Zetela praetextilis

Scientific classification
- Kingdom: Animalia
- Phylum: Mollusca
- Class: Gastropoda
- Subclass: Vetigastropoda
- Order: Trochida
- Superfamily: Trochoidea
- Family: Solariellidae
- Genus: Zetela
- Species: †Z. praetextilis
- Binomial name: †Zetela praetextilis (Suter, 1917)
- Synonyms: Solariella praetextilis Suter, 1917

= Zetela praetextilis =

- Authority: (Suter, 1917)
- Synonyms: Solariella praetextilis Suter, 1917

Extinct species of gastropod

Zetela praetextilis is an extinct species of sea snail, a marine gastropod mollusk, in the family Solariellidae. This species occurs in New Zealand.

==Description==
The small, thin shell is conoidal and very moderately umbilicated. It shows oblique axial riblets on the upper whorls, reduced to gemmules upon the spiral lirae on the lower whorls.

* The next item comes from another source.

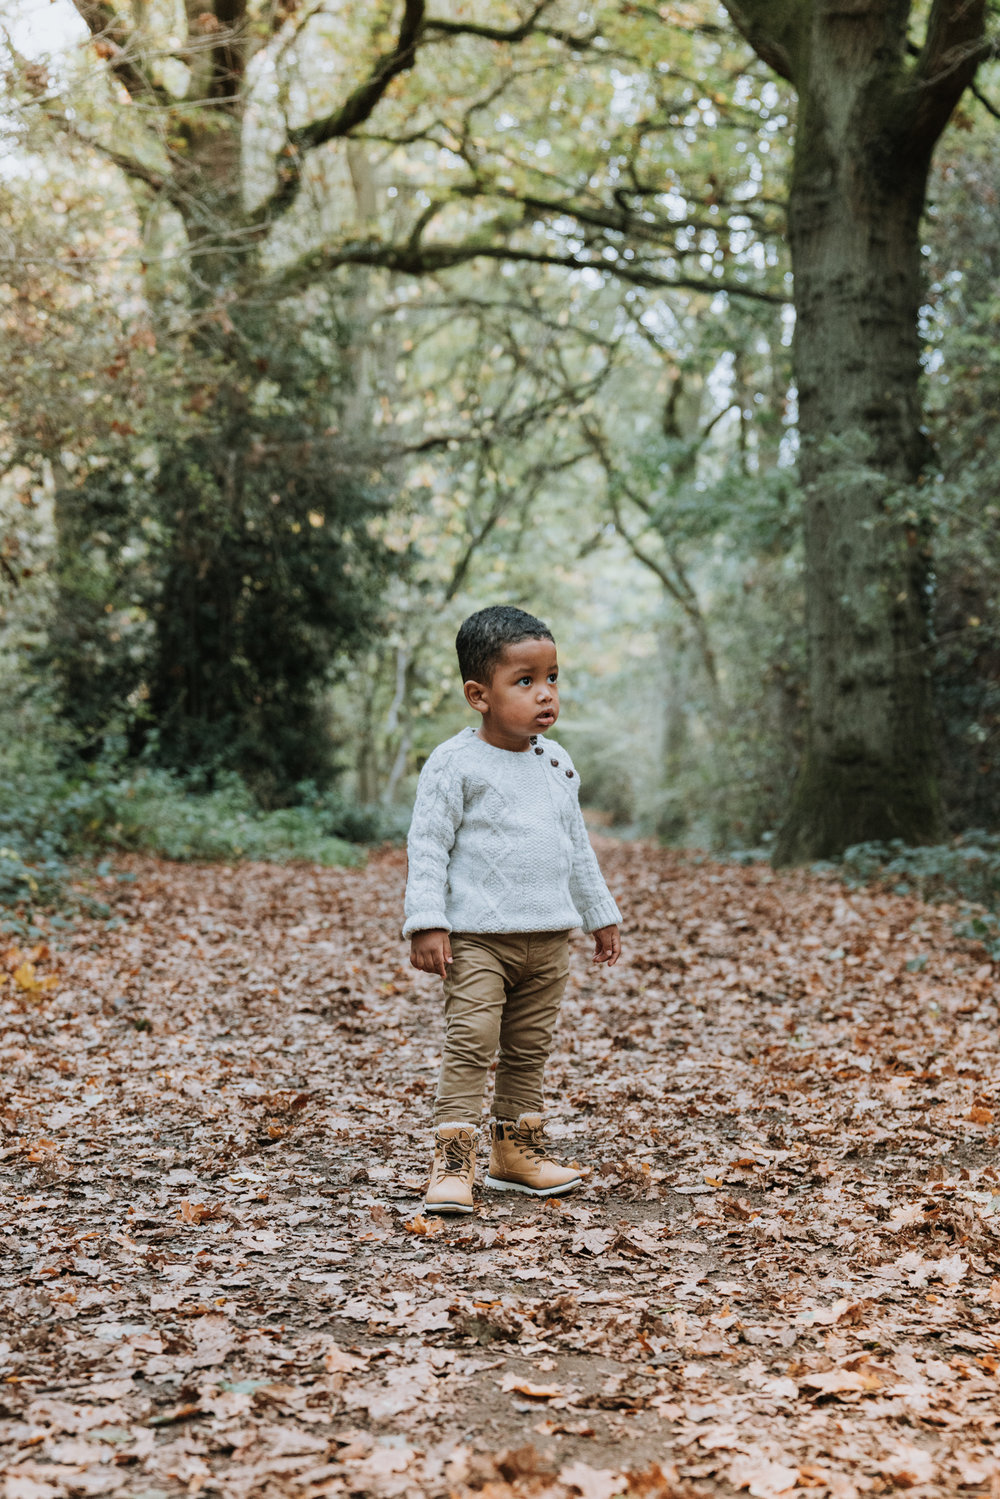 Grace-Elizabeth-Woodland-Family-Photography-Lifestyle-Essex-Norfolk-Suffolk-12.jpg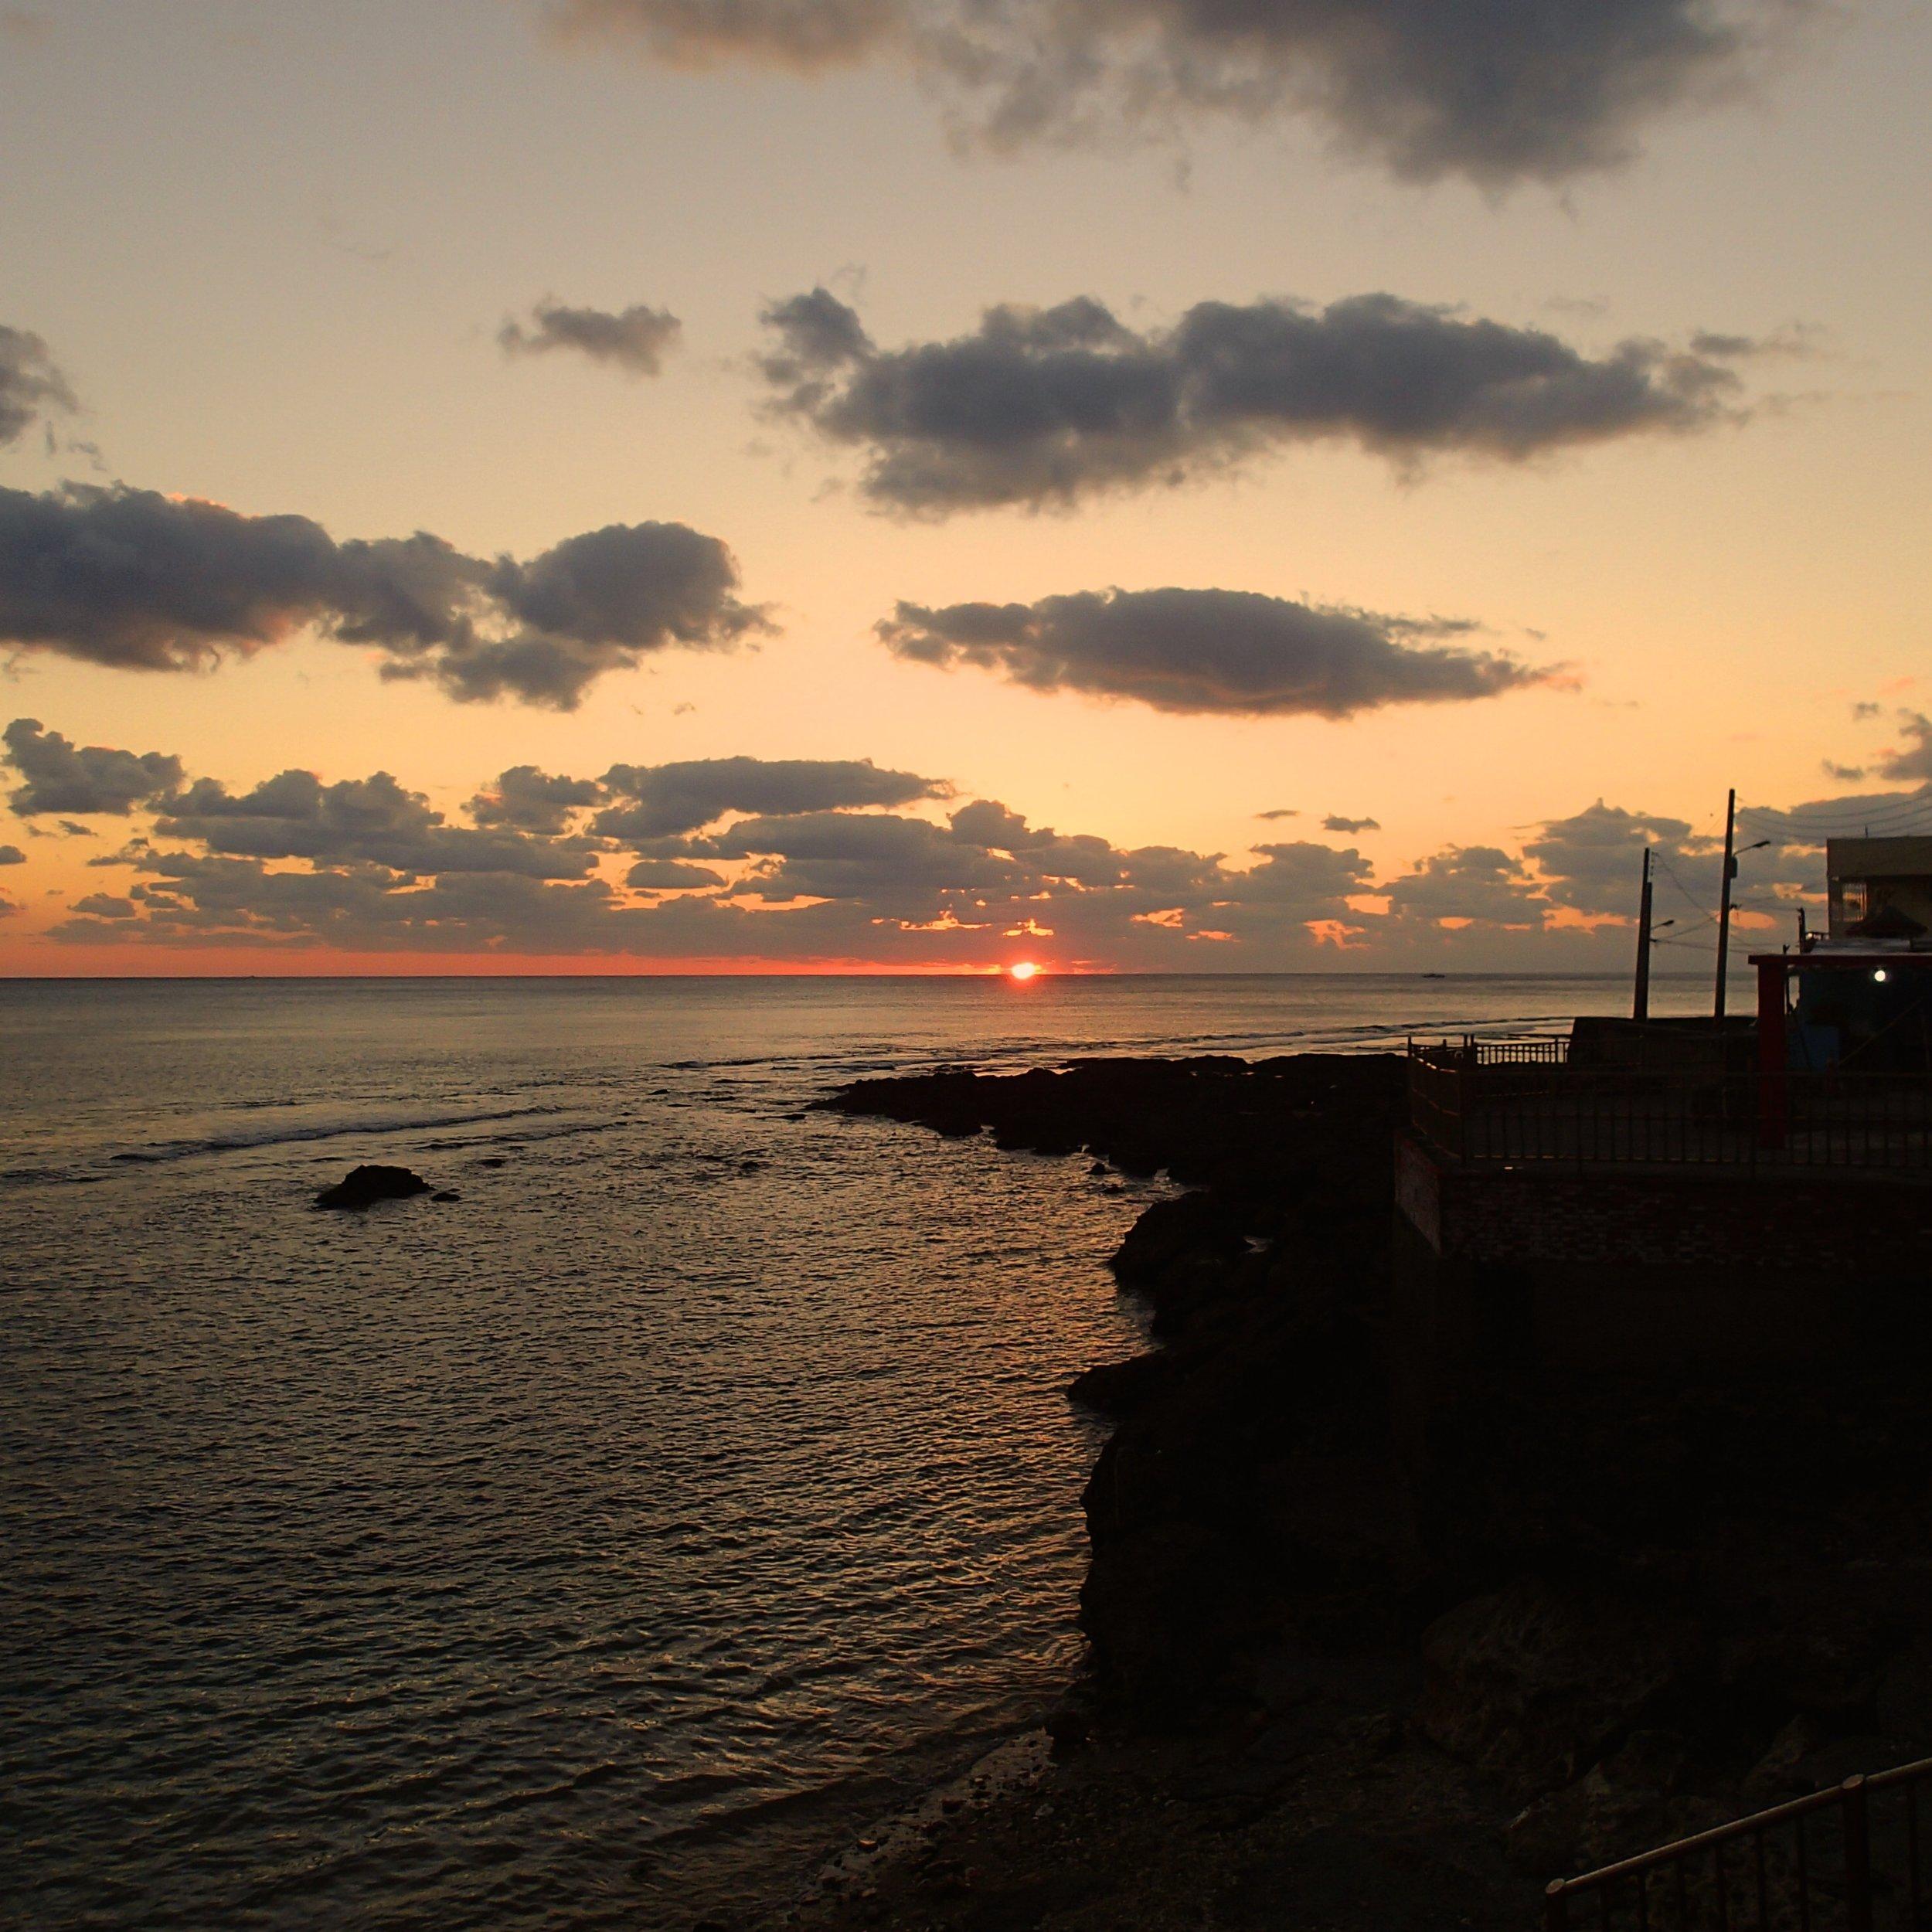 sunset bike ride (1).jpg

Sculpture: The protoconch is spirally striated, the succeeding two or three whorls show oblique, retractive, fine axial riblets, about 30 on a whorl, that are present on the lower whorls only below the suture, but further down by round gemmules upon the spiral threads, which is number 6 on the penultimate whorl. On the body whorl, there are 2 stronger and a little more distant spirals at the periphery, rendering it faintly bicarinate. On the base, there are 1 or 2 fine spiral threads below the periphery, the space between them and the umbilicus bearing fine radial riblets. The umbilicus is margined by a strongly gemmate ridge, followed by a finer one inside the umbilicus. The spire conoidal, a little lower than the height of the aperture. The protoconch is small, convex, with a few spirals. The shell contains 4½ convex whorls. The body whorl is faintly bicarinate, the base flatly convex. The suture is canaliculate. The aperture is hidden by the matrix. The deep umbilicus is moderate, not quite one-third of the greatest diameter.